The two things went together pretty well, I didn't have to look at the screen all that much so I could concentrate on cutting. The numbers and so forth for cutting were very well defined so I could use most of my brain power on taking in the information that was being disseminated for several hours. There's so much there of course, but as a person who formerly held a US government security clearance designation at the Secret level it's too much to bear or even contemplate.
It's hard to describe the way it was drilled into us day in day out, the extreme penalties we would encounter if we ever even whispered about what we were working on or with to those without the same clearance or the same "need to know". Much less actually intentionally taking the documents home and refusing to return them. Or waving them around and boasting about them. And that this was a former president who did all that? Inconceivable.
The fix is of course serious penalties and jail time. Lock him up? Yeah, absolutely. If we have laws, they've got to apply to everyone, most especially to the people at the top who really really know what's at stake.

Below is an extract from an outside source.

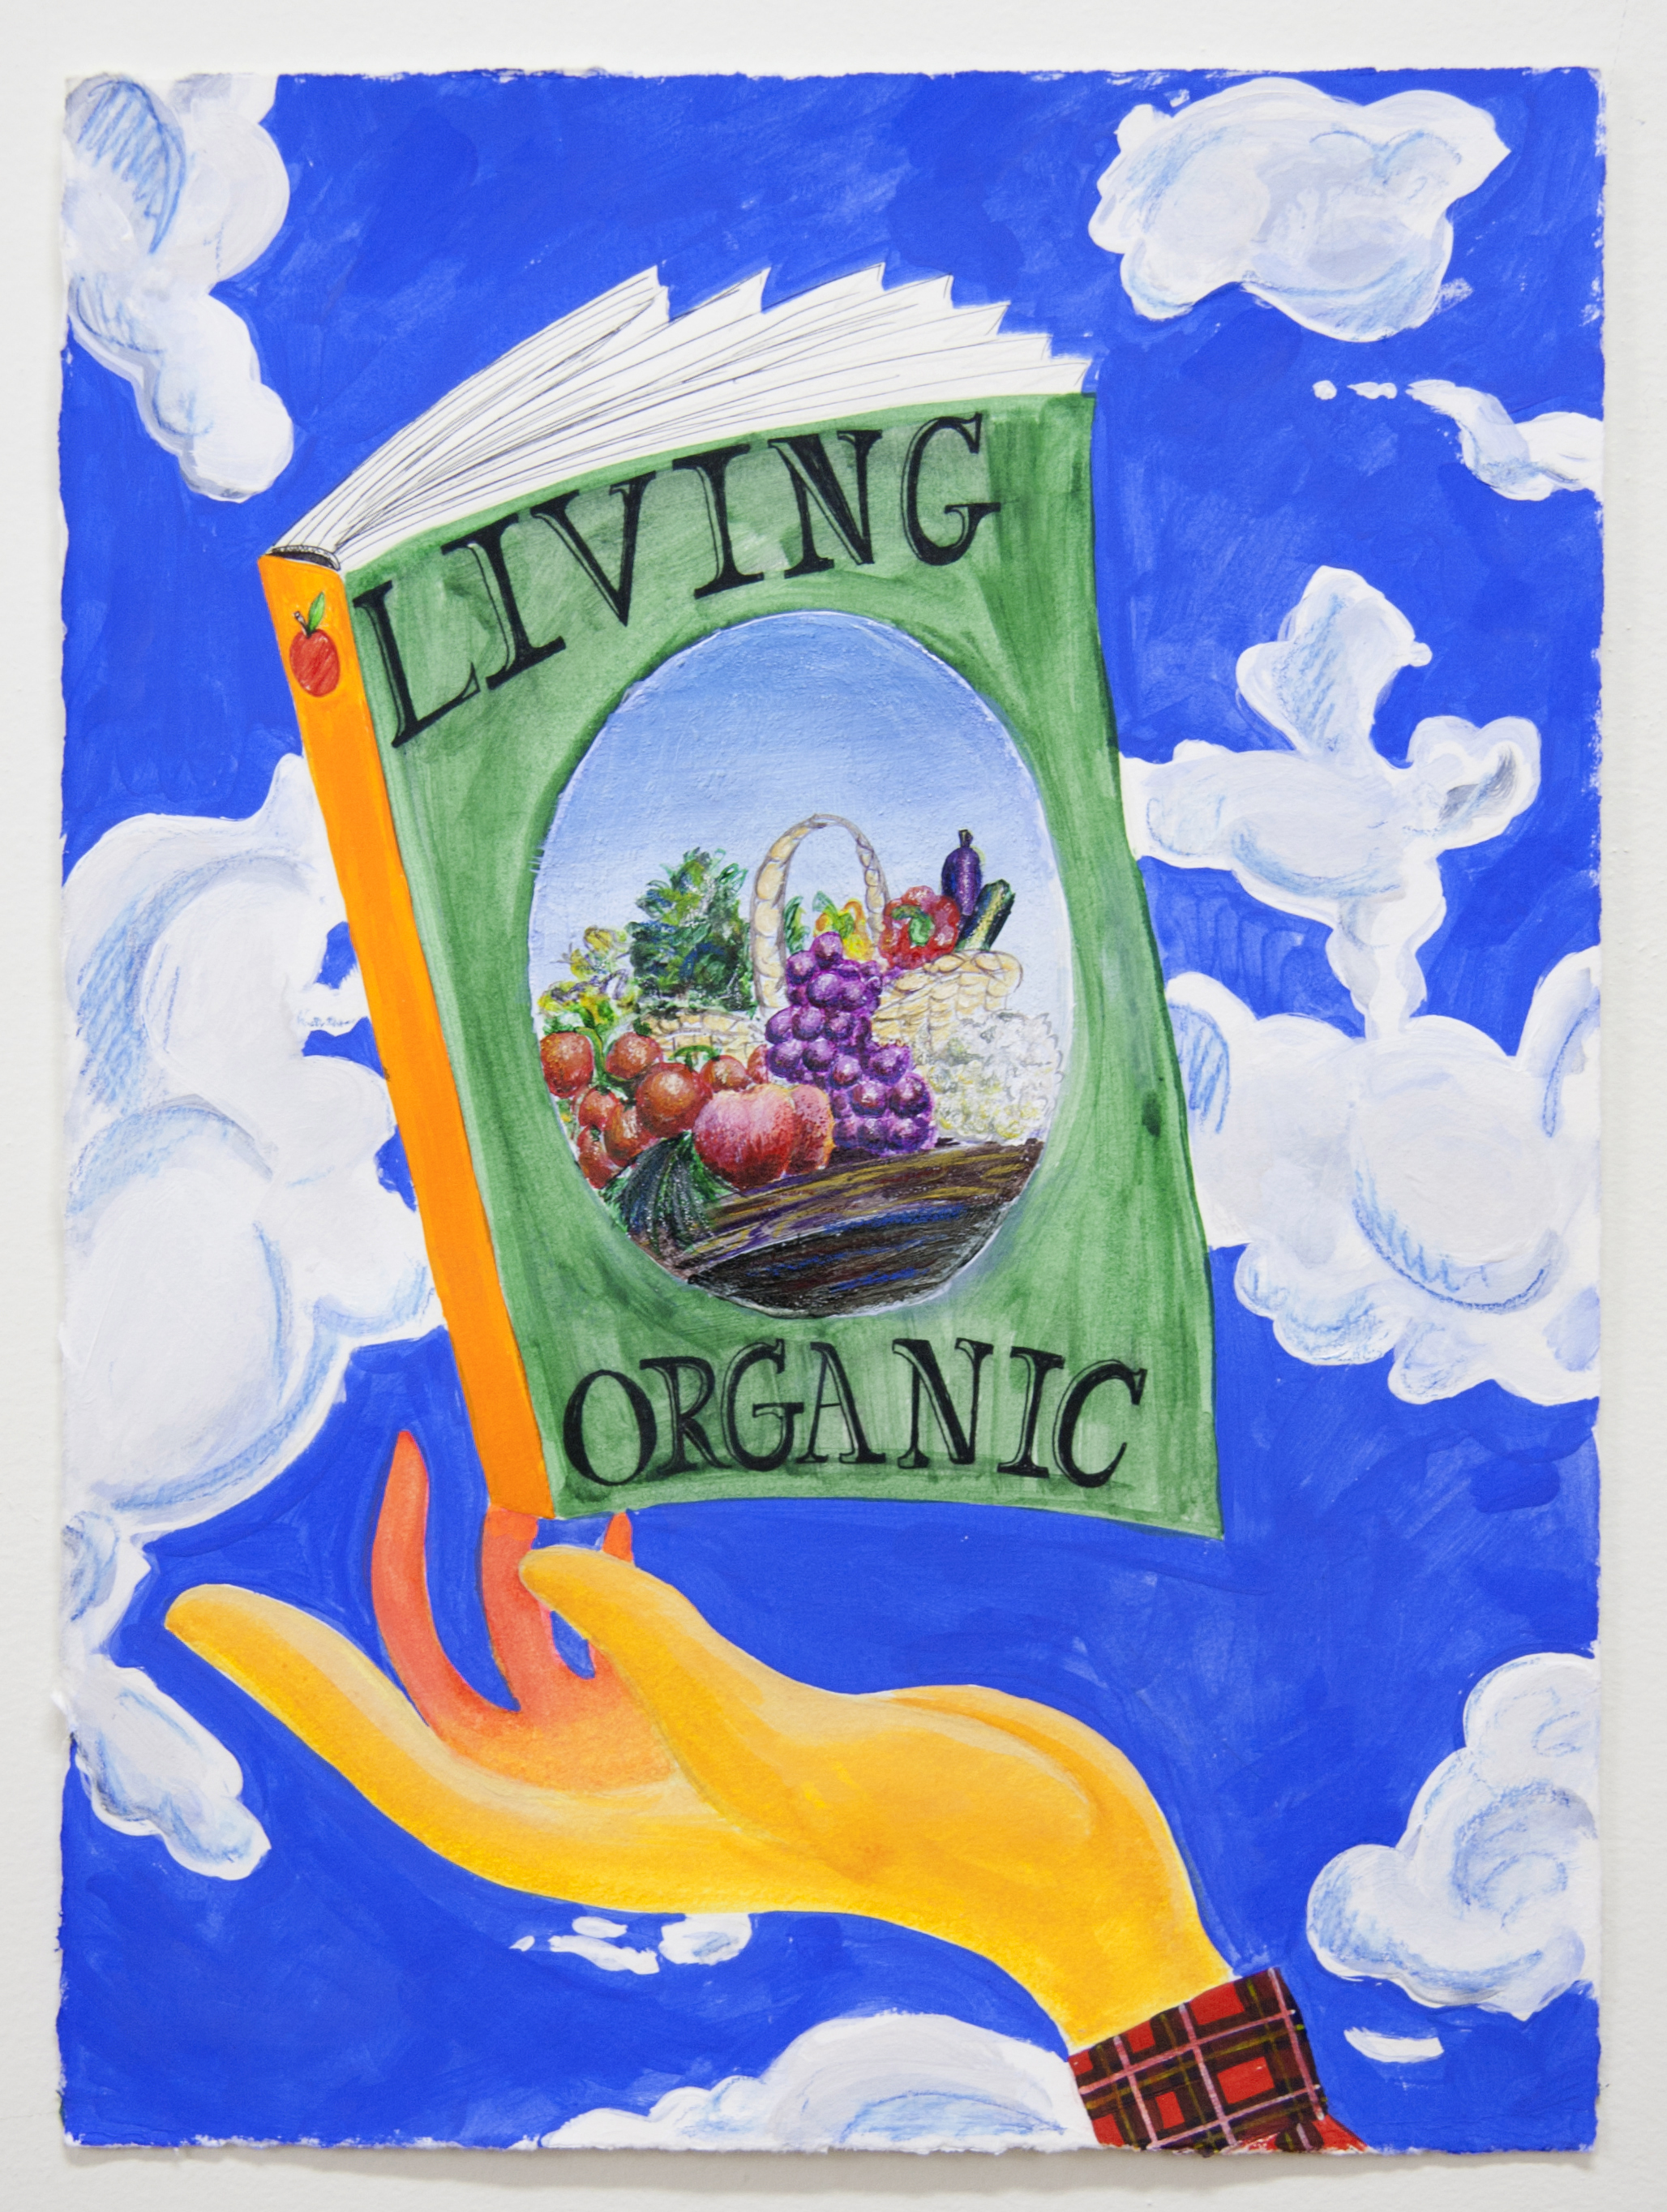 Living Organic

Literally any other person would already be in jail. I would not want to be a US Diplomat or spy right now, having to convince our allies that they can continue to trust us after seeing a Five Eyes Only document on the floor of a maybe unlocked storage room at a un-hardened public/private beach resort.
The thing is, the vast majority of the US public hardly knows or ever thinks about all this international relations or spy stuff. It's all in the bucket of things we can't do much about, so why worry about it. The truth is we will likely never really know the effects of what he did, what alliances fell or were weakened, which assassinations of our contacts in other countries were or were not due to this breach. The power inherent in the possession of these documents is not something we normally think about. It's just a piece of paper, a file folder. But it's the possession, it's who has it, who knows, who's willing to sell it or trade it away.